And that’s just Medicare. According to a report by the National Center for Policy Analysis, there is more than $30.3 trillion owed in Social Security and Medicaid benefits.

In addition to Medicaid and Medicare, under Social Security there is also Federal Old-Age (Retirement), Survivors (OASDI), and Disability Insurance, Temporary Assistance for Needy Families, (TANF), State Children’s Health Insurance Program for low income citizens, (SCHIP) and Supplemental Security Income (SSI).

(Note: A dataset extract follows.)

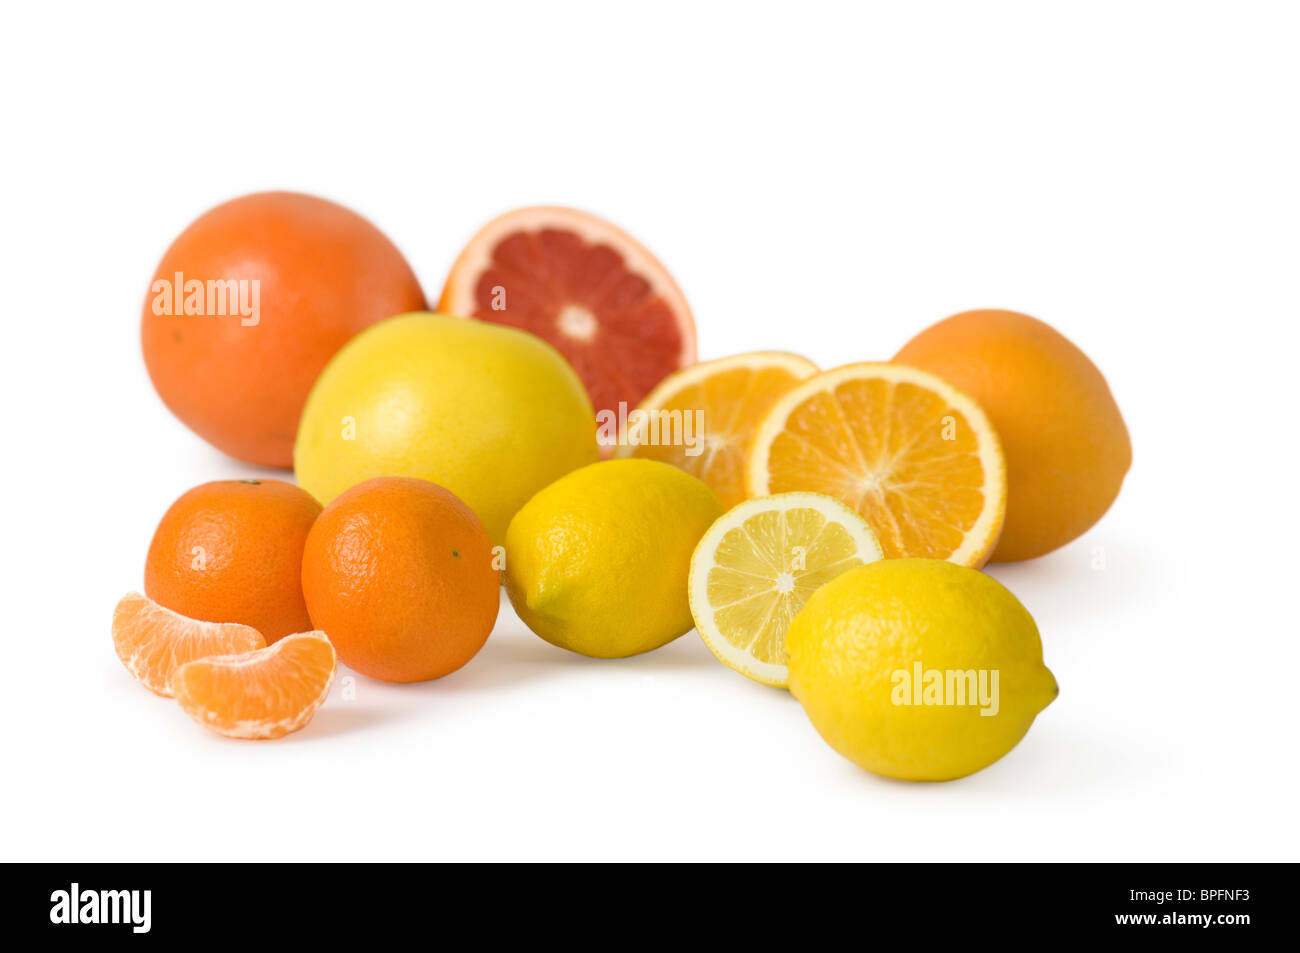 Oranges, lemons and grapefruit. Stock Photo

Despite SSA and its amendments being signed into law by Democratic Party presidents, and despite Republican opposition to “Hillarycare” in the early 1990s, the GOP has also backed socialized medicine. In an article on the passage of Medicare Part D in 2003, Laurence Vance writes how it was “instituted by a Republican-controlled Congress with the full support of the Republican leadership and signed into law by a Republican president.”

“Only 9 Republicans in the Senate and 25 in the House joined the vast majority of Democrats in both Houses in voting against ‘Bushcare,’” Vance writes.

John C. Goodman even went as far as to argue that conservatives actually invented Obamacare.

The core of “Obamacare,” the requirement that individuals purchase health insurance, traces back to Stuart Butler at the conservative Heritage Foundation in the late 1980s. This can be seen in a 1989 Heritage monograph (p. 51). Ezra Klein points to University of Pennsylvania economics professor and conservative Mark Pauly as the father of the individual mandate based on Pauly’s co-authored 1991 Health Affairs paper (p. 8, item 3) supporting the idea.

Two years after Pauly’s paper, and using the same argument Pauly made about mandatory auto insurance, conservative Republican Newt Gingrich appeared on NBC’s Meet the Press enthusiastically supporting the mandate. (Gingrich re-endorsed the mandate on the same program on May 15, 2011, then recanted the next day after a firestorm of criticism and ridicule.)

A Republican governor, Mitt Romney, signed the mandate into law in Massachusetts in April of 2006. Barack Obama, as a presidential primary candidate in 2008, firmly opposed the mandate, but as president signed it into law on March 23, 2010.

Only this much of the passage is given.